Instructions for the task: Omitting all images, transcribe the listing word for word.

*** Supplied data ***

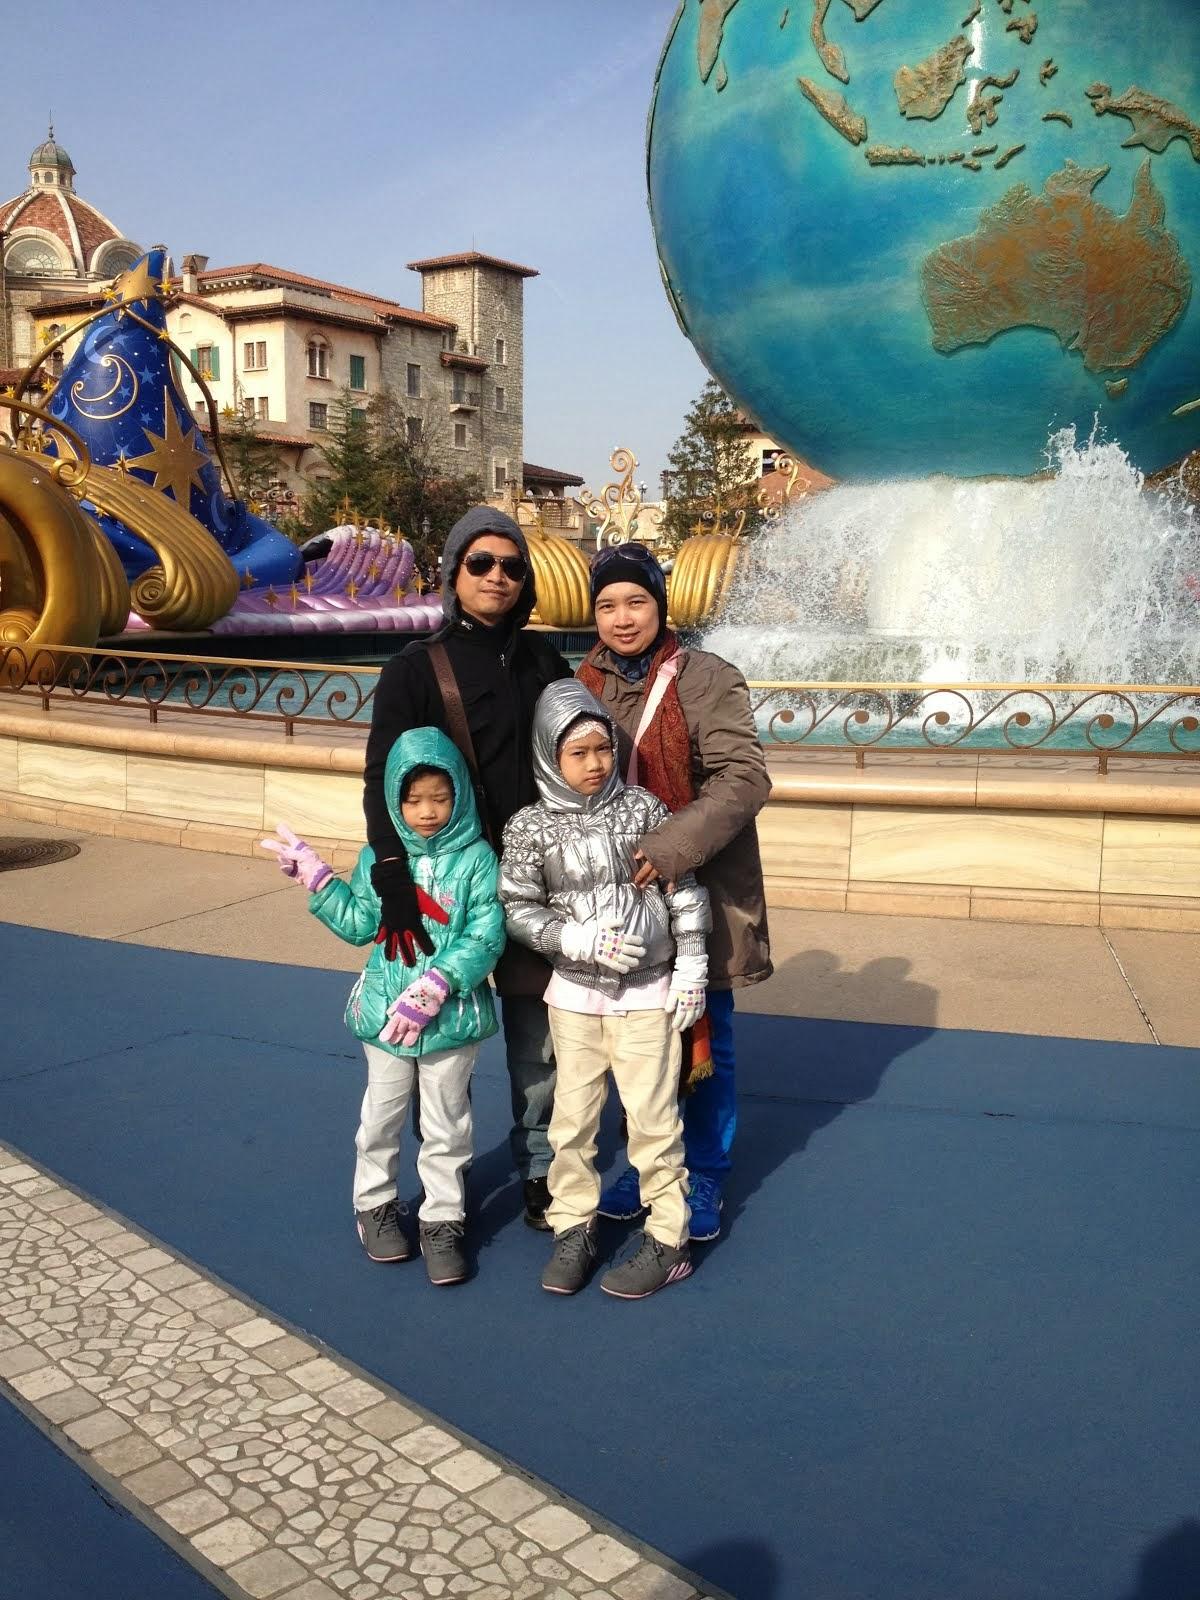 ~Holiday : Disneysea, Tokyo,Feb'14
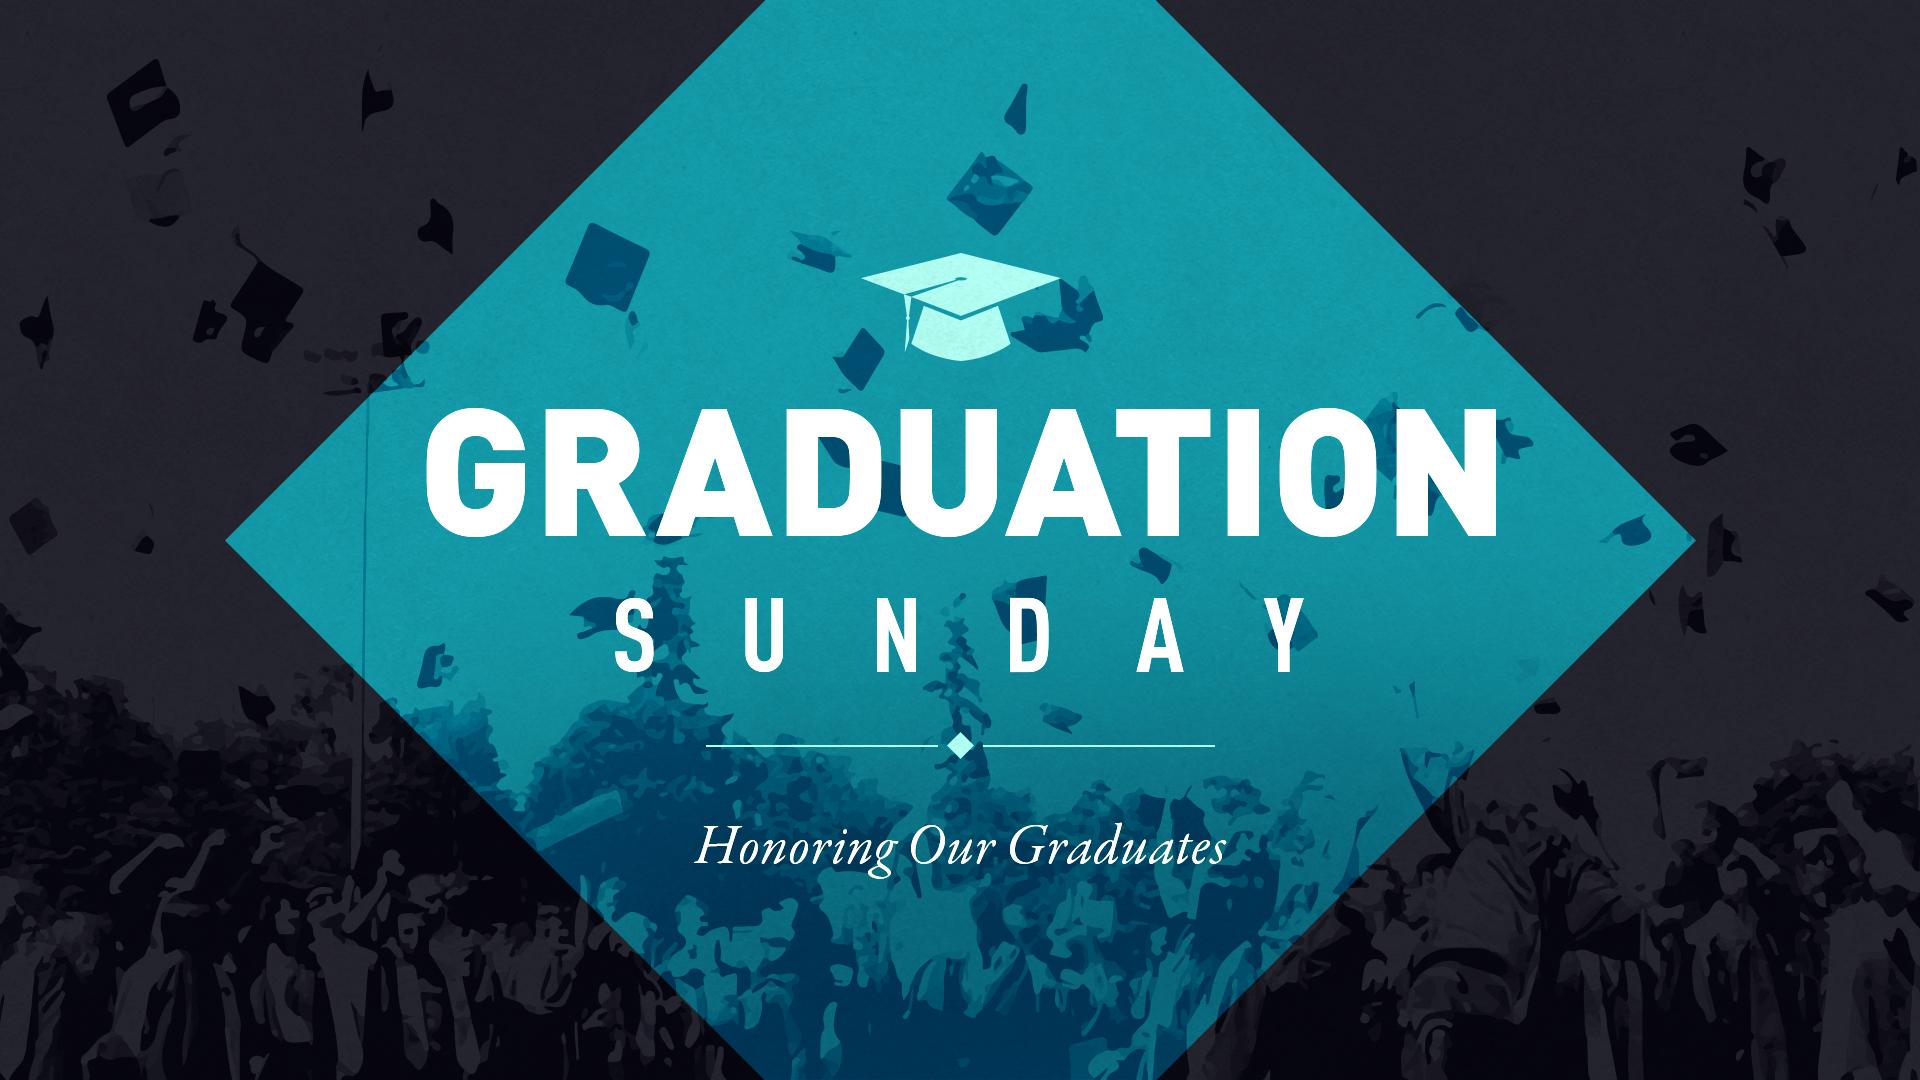 Graduation sunday title still
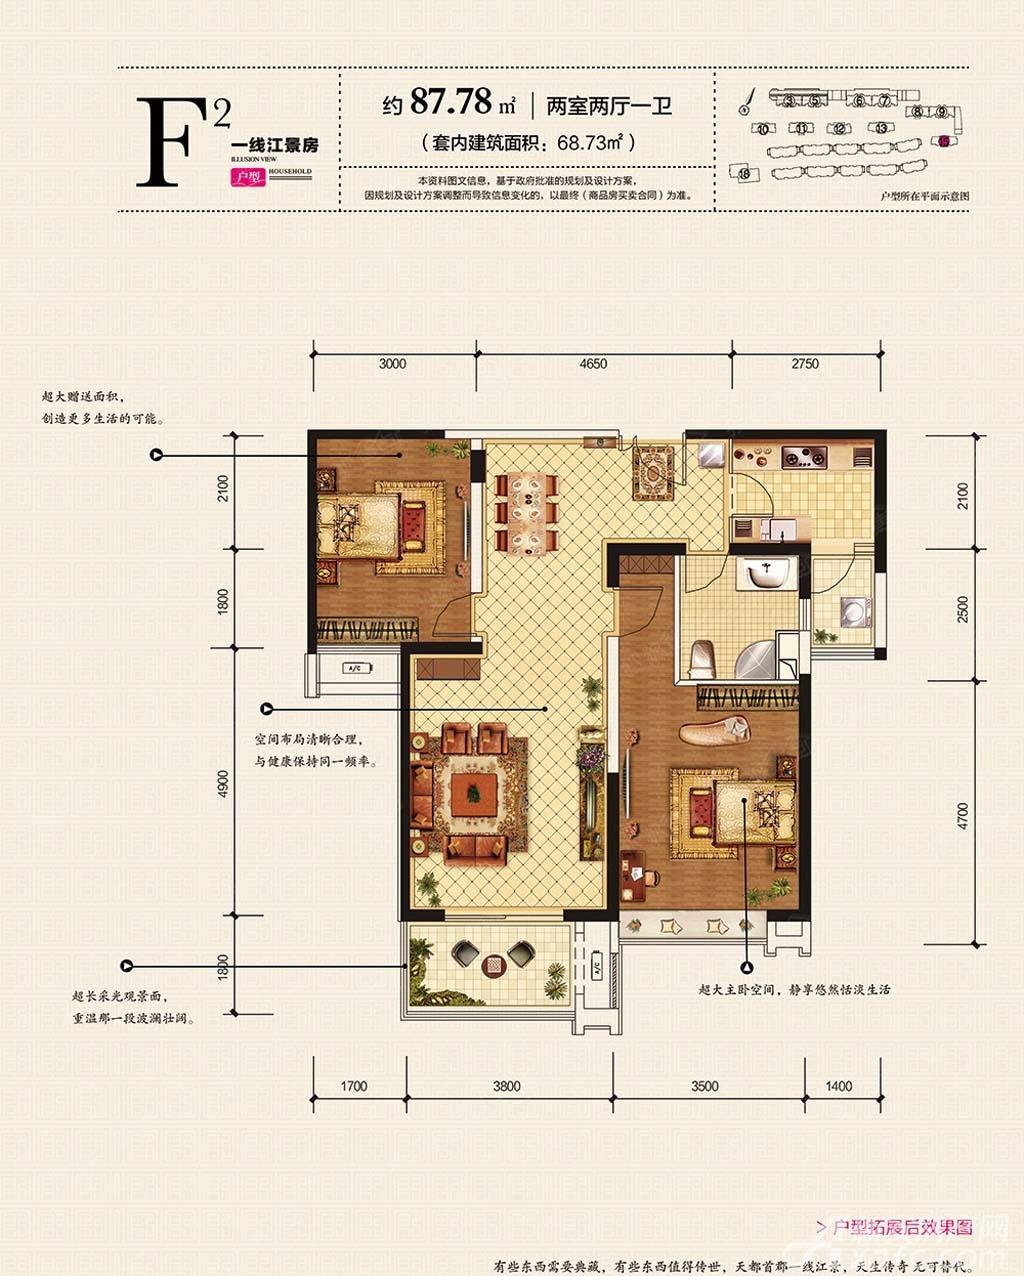 天都首郡15#楼F2户型江景房2室2厅87.78平米

*** End of Supplied data ***

Solution below:
 ~Holiday : Disneysea, Tokyo,Feb'14
 Graduation sunday title still
 天都首郡15#楼F2户型江景房2室2厅87.78平米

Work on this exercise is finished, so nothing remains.